Small Banks Winning Small-Business Market Share

Mergers slowed the growth of small-business lending among the nation's largest banks in the first half of the year, according to an American Banker survey.

The small-business portfolios of the top 50 banking institutions grew by only 2.18%, to $91.8 billion, in the year that ended June 30. Outstandings at all banking companies, meanwhile, grew 5.48%, to $184.9 billion, the survey found.

The findings suggest that smaller lenders are picking up market share as their larger competitors work to integrate multiple acquisitions.

Community institutions "do a pretty good job of picking off customers," said James Lientz, a small-business lending executive at BankAmerica Corp. of Charlotte, N.C. Community bank lenders said the high level of personal attention at smaller institutions is helping them win new borrowers.

"But convenience and service are very important, and that's where we have it over them," Mr. Lientz said.

The survey, based on data from Sheshunoff Information Services, tracks commercial and industrial loans of less than $1 million. Nonbank lenders such as American Express Co. and Merrill Lynch & Co. are not included.

Small-business lenders make money from the loans themselves, as well as from fees from related small-business services, including checking and cash management.

Overall, the findings demonstrate the business "remains very robust," with lenders benefiting from the strong economy and aggressive marketing, said Charles Wendel, president of Financial Institutions Consulting in New York.

Mr. Wendel said customers are "more aware of their options," and that "there are a lot more small-business credit facilities being offered."

To be sure, the nation's 50 largest banking companies still account for considerable volume. They held 2.1 million of the fivemillion small- business loans outstanding at midyear.

But the portfolios of some of the largest lenders got smaller.

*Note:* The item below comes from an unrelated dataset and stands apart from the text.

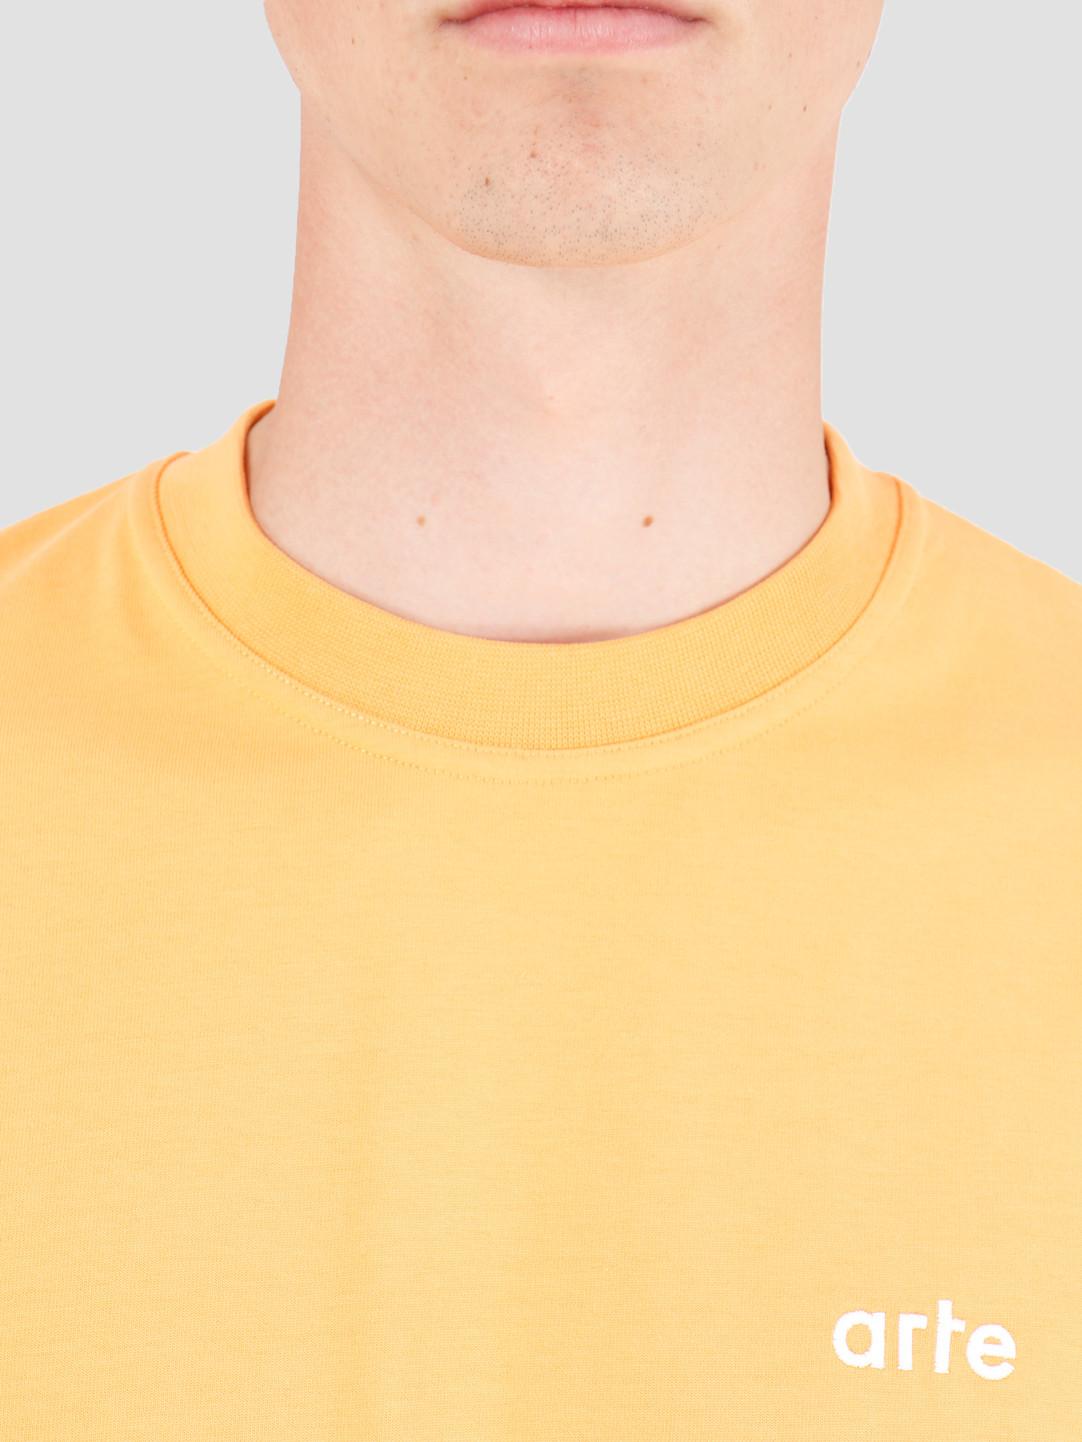 Arte Antwerp Arte Antwerp Tyler T-Shirt Orange AW19-048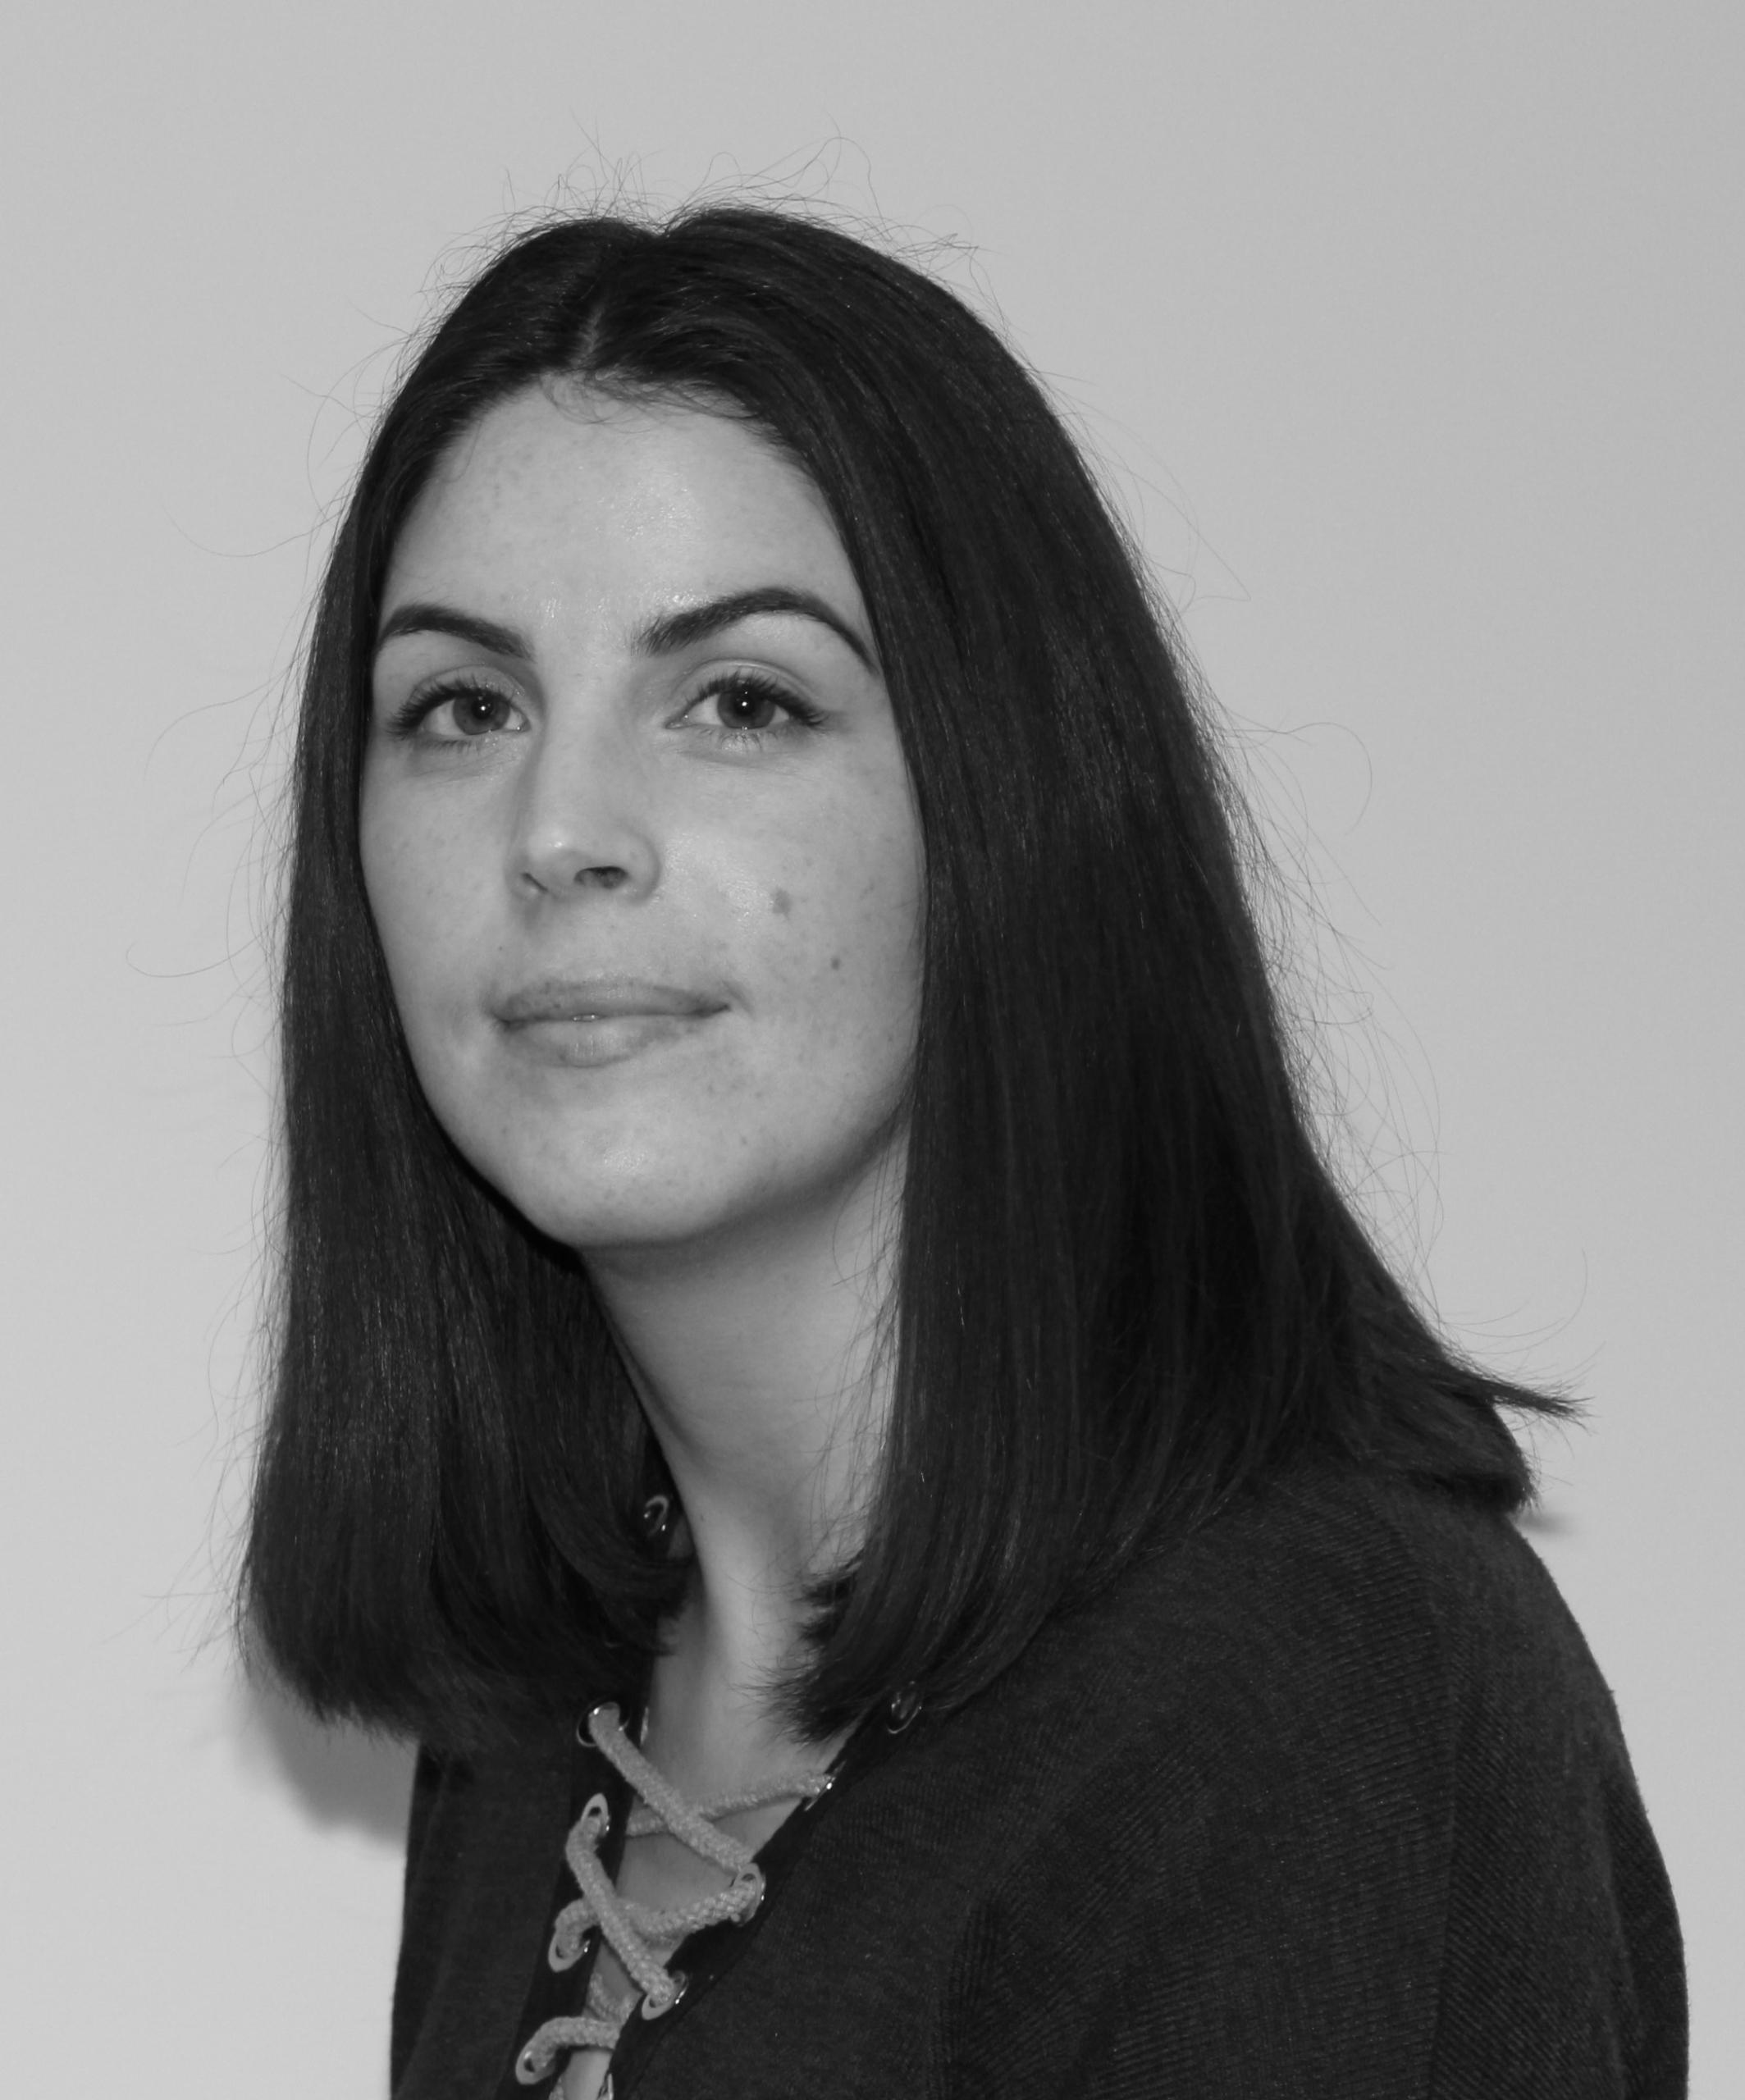 Maria Mangare

At NationsBank Corp.-the leading small-business bank lender for four consecutive years-outstandings declined 13%, to $6.18 billion, in the 12 months ended June 30.

A spokesman for the banking company, which merged with BankAmerica Corp. on Sept. 30, said the data do not reflect a decline in business. Rather, they represent a more accurate picture of the bank's portfolio after the integration of several mergers.

As NationsBank consolidates its operation with that of BankAmerica, it plans to use "best practices" to become a more effective small-business lender, Mr. Lientz said. On a pro forma basis, a combined NationsBank- BankAmerica held nearly $10 billion in small-business loans on June 30.

"Our approach revolves around having the proper channels of access and keeping current with the needs of customers," Mr. Lientz said.

Wells Fargo & Co., the No. 2 small-business lender, merged with Norwest Corp., the No. 3 lender, on Nov. 2. At midyear the new Wells Fargo, based in San Francisco, had nearly $10 billion in small-business loans on its books on a pro forma basis.

Like the new BankAmerica, the emboldened Wells Fargo plans to take the best from both organizations as it combines operations with Norwest, said Colleen Anderson, executive vice president for small-business lending.

This includes giving loan officers the power to approve loans, which speeds the application process, Ms. Anderson said.

Small-business lenders use a variety of approaches to attract borrowers- most notably direct contact with customers through loan officers who frequently call on businesses. Lenders are also increasingly adding automated services, such as phone solicitations and Internet access, to their accounts.

Bigger bank lenders point to larger networks and troops of loan officers as plusses when it comes to fulfilling customers' needs. But executives at smaller banks say they are staying competitive.

At Community First Bankshares in Fargo, N.D., small-business loans make up 83% of the overall commercial and industrial portfolio, representing the highest concentration in the industry.

The weighting "is not a stated strategy but more a function of what customers at each of our banks want," said Ronald Strand, vice chairman for financial services at Community First.